As someone who has a new VAX780 and 3 RA81's in the process of being
installed, this (hopefully idle) comment has me scared to death.
Can any others out there corroborate this, or offer contrary
circumstantial evidence?

We've got the UDA50 on a UNIBUS of its own, by the way.
-- 
/Steve Dyer
{decvax,linus,ima,ihnp4}!bbncca!sdyer
sdyer@bbncca.ARPA

chris@umcp-cs.UUCP (Chris Torek) (10/23/84)

RA81s don't ``always hang''; however, there are lots of problems with them:

	a) nobody seems to have a decent driver for UDA50s;
	b) early UDA50s had microcode bugs that kept taking drives
	   off line;
	c) UDA50s take up too much Unibus +5 power;
	d) they're *slow* (at least for Unix; dunno about VMS);
	e) ??? who knows.

They do have the advantage that you can plug in lots of disk space to
one controller, and they don't need massbi (plural of massbus); i.e.,
they're relatively cheap.  (And 450 Mbytes per disk is kinda nice.)

We have two 750s with only RA81s and one 780 (in EE) with two RA81s and
two RK07s.  The RK07s are as bad as the RA81s for hardware problems
(packs go bad all the time and so forth).

I said before (and now repeat) that the ``df hangs'' bug with RA81s is
due to a bug in udopen(), where a command is started then a sleep is
done, but without blocking interrupts in between.  More serious (to me
at least) was the ``SHOULD REQUEUE OUTSTANDING I/O REQUESTS'' comment
in the UDA hard error code; we were having lots of system crashes due
to that, it seemed, so I wrote the requeue code and it seemed to help.
But we still have software problems with the driver.
-- 
(This mind accidently left blank.)

In-Real-Life: Chris Torek, Univ of MD Comp Sci Dept (301) 454-7690
UUCP:	{seismo,allegra,brl-bmd}!umcp-cs!chris
CSNet:	chris@umcp-cs		ARPA:	chris@maryland

jon@boulder.UUCP (Jon Corbet) (10/24/84)

>	>The RA81's are useless.
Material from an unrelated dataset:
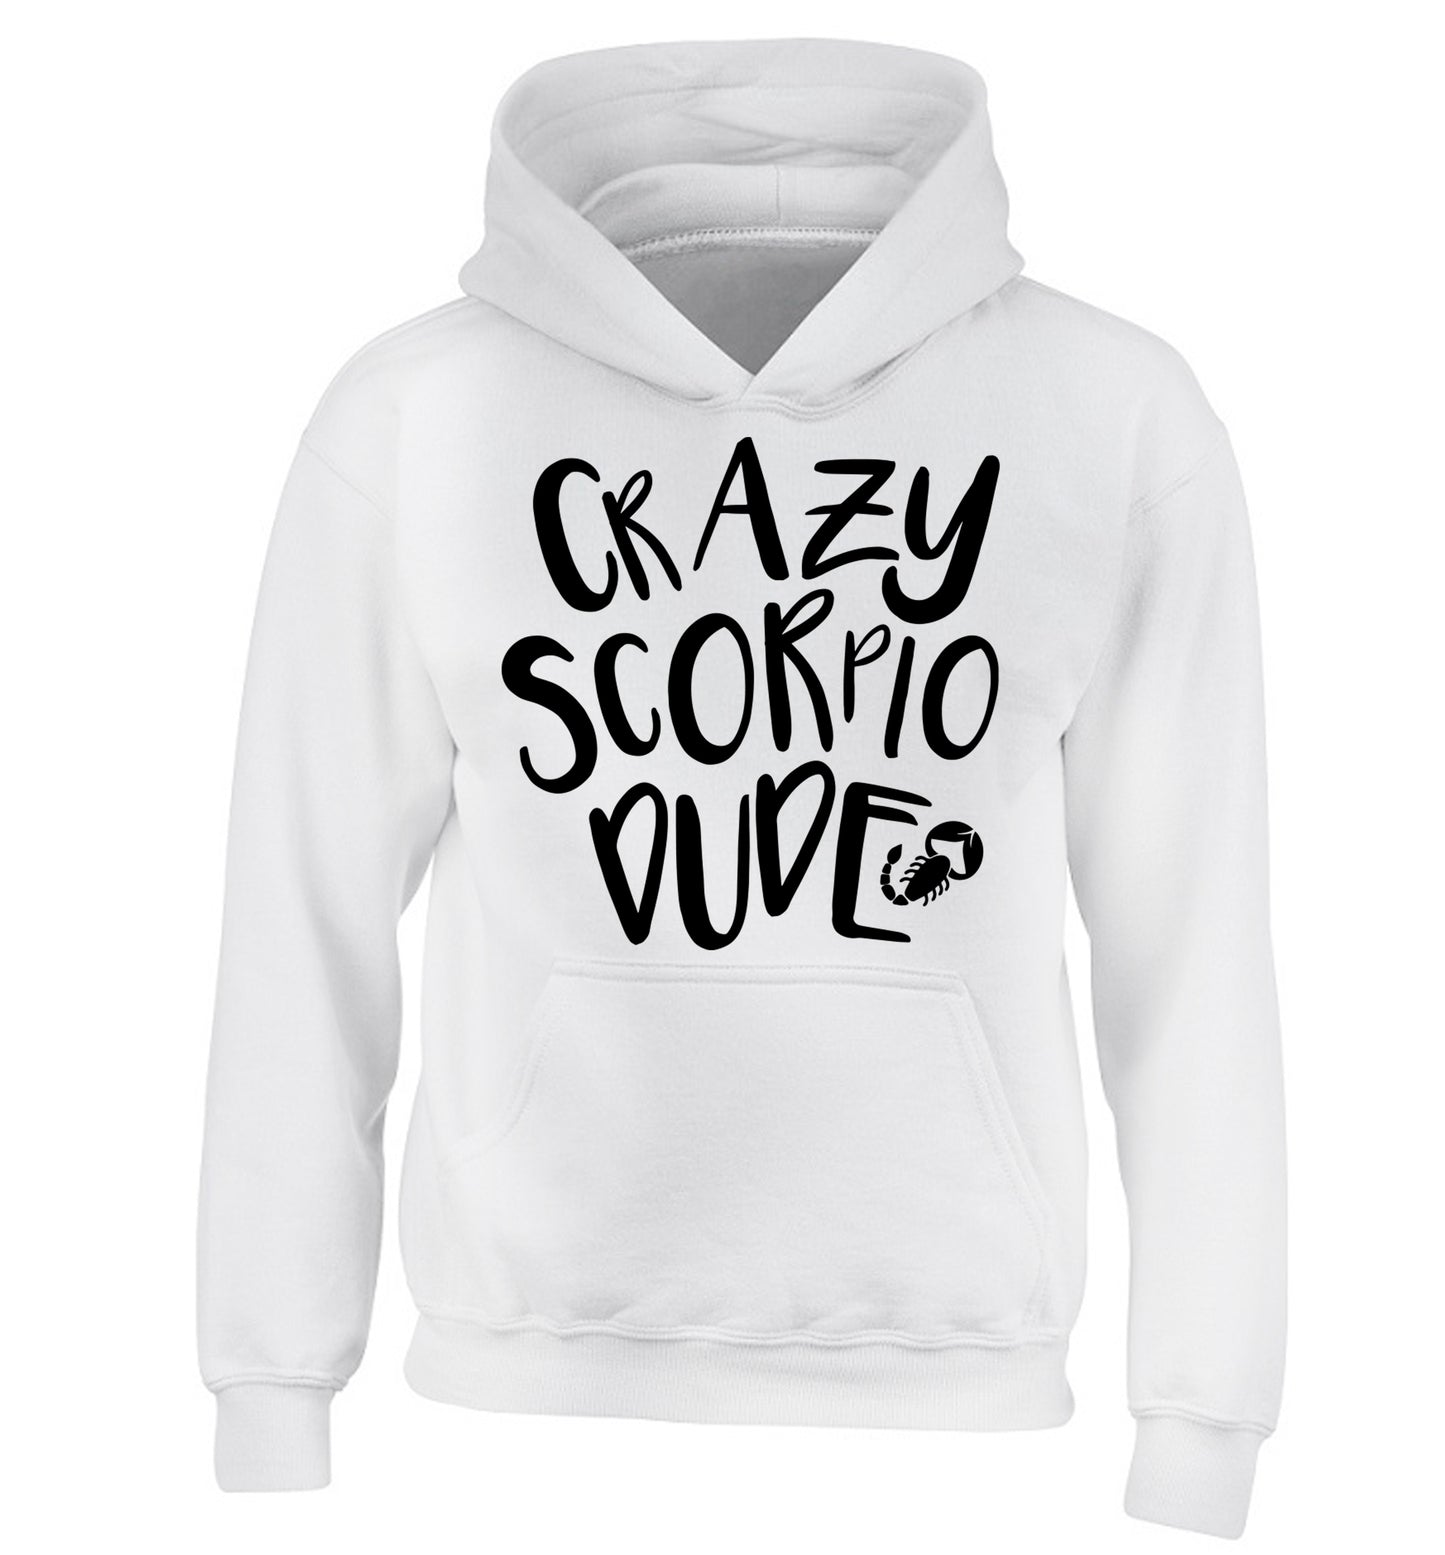 Crazy scorpio dude children's white hoodie 12-13 Years

They always hang. I can't get
>	>them to do anything for love or money. Stick with
>	>something else (we usually use Fuji Eagles).
>
>As someone who has a new VAX780 and 3 RA81's in the process of being
>installed, this (hopefully idle) comment has me scared to death.
>Can any others out there corroborate this, or offer contrary
>circumstantial evidence?
>
>We've got the UDA50 on a UNIBUS of its own, by the way.

Well, we have 2 RA81's on a UDA50, and we have yet to have a single 
problem.   They are fast and reliable.

I guess I should mention that we run VMS, which should not make a
difference, but who knows?
--
Jonathan Corbet
National Center for Atmospheric Research, Field Observing Facility
{seismo|hplabs}!hao!boulder!jon

eric@milo.UUCP (Eric Bergan) (10/24/84)

	After some initial trouble (about 4 months worth), we now seem
to have a fairly stable RA81 driver. It does seem to be slower than our
RP07, only explanation I can give (since the drive specs are similar) is
massbus vs unibus. But we have three 780s which each have between 2 and
four RA81s, and another 780 with a RP07, RA81, and RA60. The trick seems
to be getting a good driver, which works with your flavor of Unix (and no,
I still haven't seen my Sys V rel 2 driver I ordered from DEC).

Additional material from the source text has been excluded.